Кирилл осторожно покосился на соседа, пораженный внезапной витиеватостью его речи. Впрочем, на Илону шекспировские мотивы не произвели ни малейшего впечатления. Подкатившись к кровати Кастета, она выставила в ряд на его тумбочке два пластиковых стаканчика с таблетками.

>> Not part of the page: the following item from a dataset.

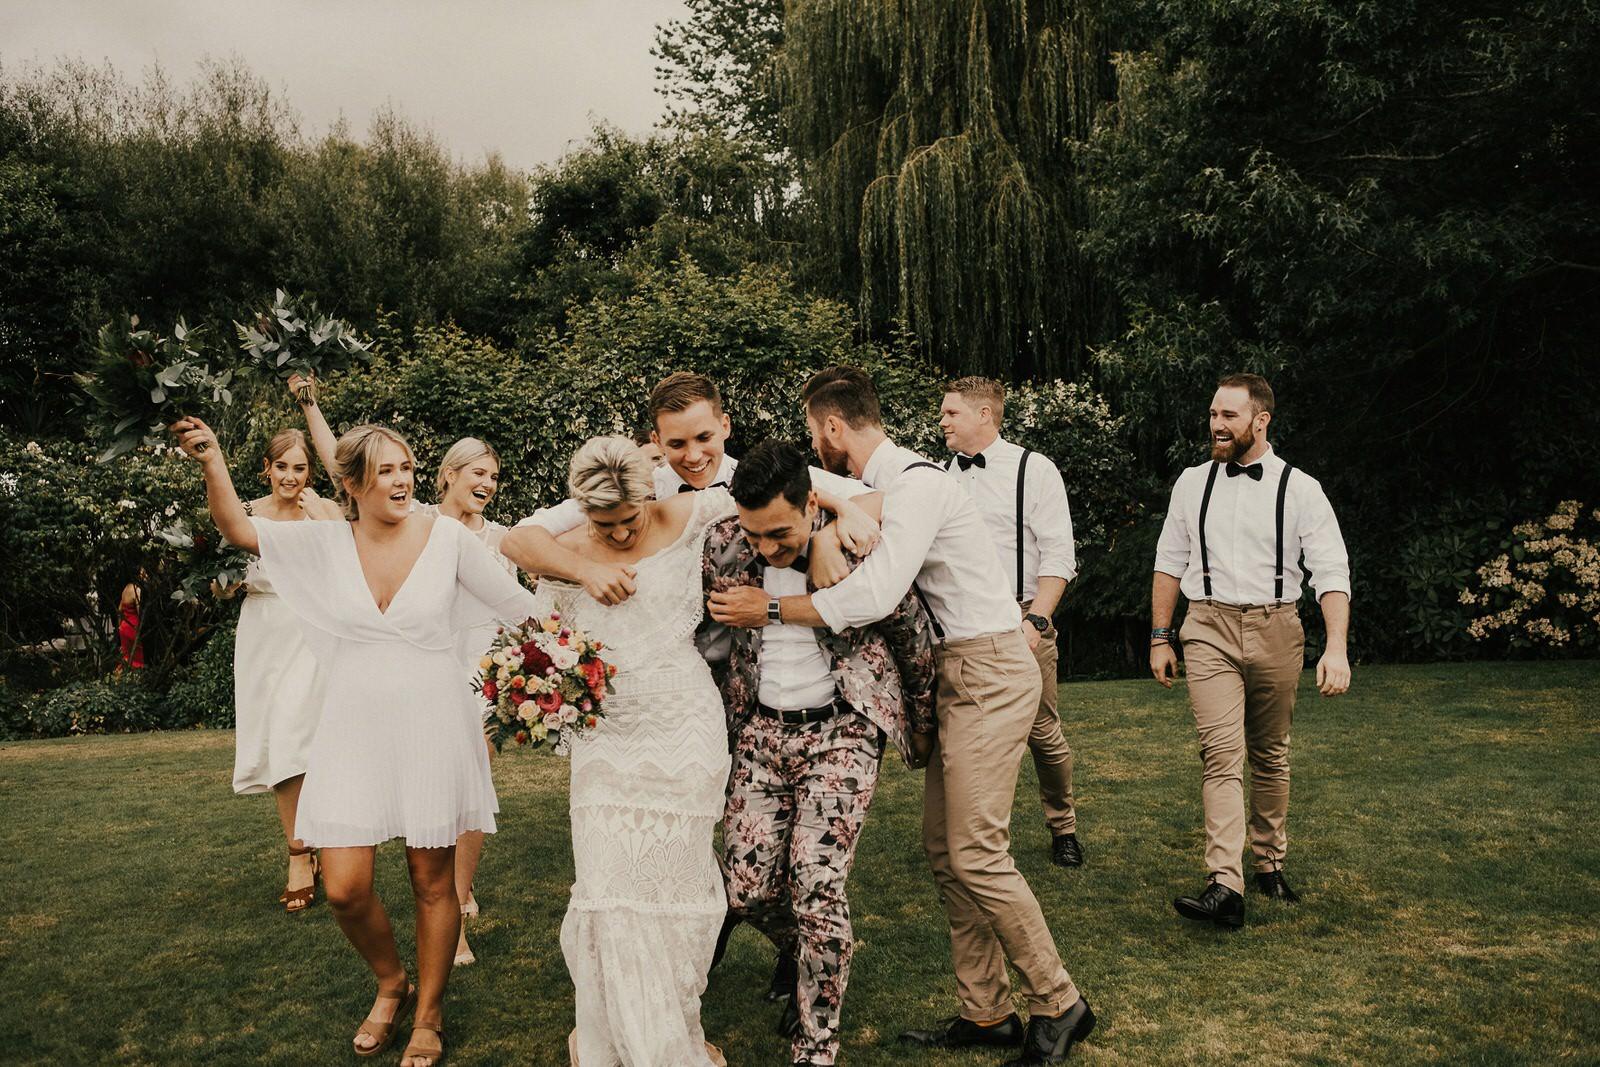 Wairarapa-Wedding_The-Landing_051.JPG

— Это сейчас, а это сразу перед сном. Ну а если ваши сердечно-глазные коллизии и в дальнейшем будут прогрессировать, Юрша, я, продолжив обозначенную вами же прогрессию, от глаз к сердцу, порекомендую главврачу отправить вас на обследование в гастроэнтерологию. Уверена, что промывание желудка вас если не исцелит, то охладит уж точно. Так, а это что? — Илона нахмурилась. А почему окно открыто? Юрша, что, опять?

— Илоночка… — брови Кастета мгновенно собрались беззащитным «домиком», — как вы можете! Я же весь вечер тут, соблюдая режим. Ну, то есть, в смысле, распорядок… Что, не верите? Ну, Кирюха, скажи ей! Эй!

Илона медленно обернулась к Кириллу.

— Ковалев?

— А? — Кирилл вздрогнул, с трудом оторвав взгляд от недостаточно быстро высыхающих потеков возле умывальника. — Что?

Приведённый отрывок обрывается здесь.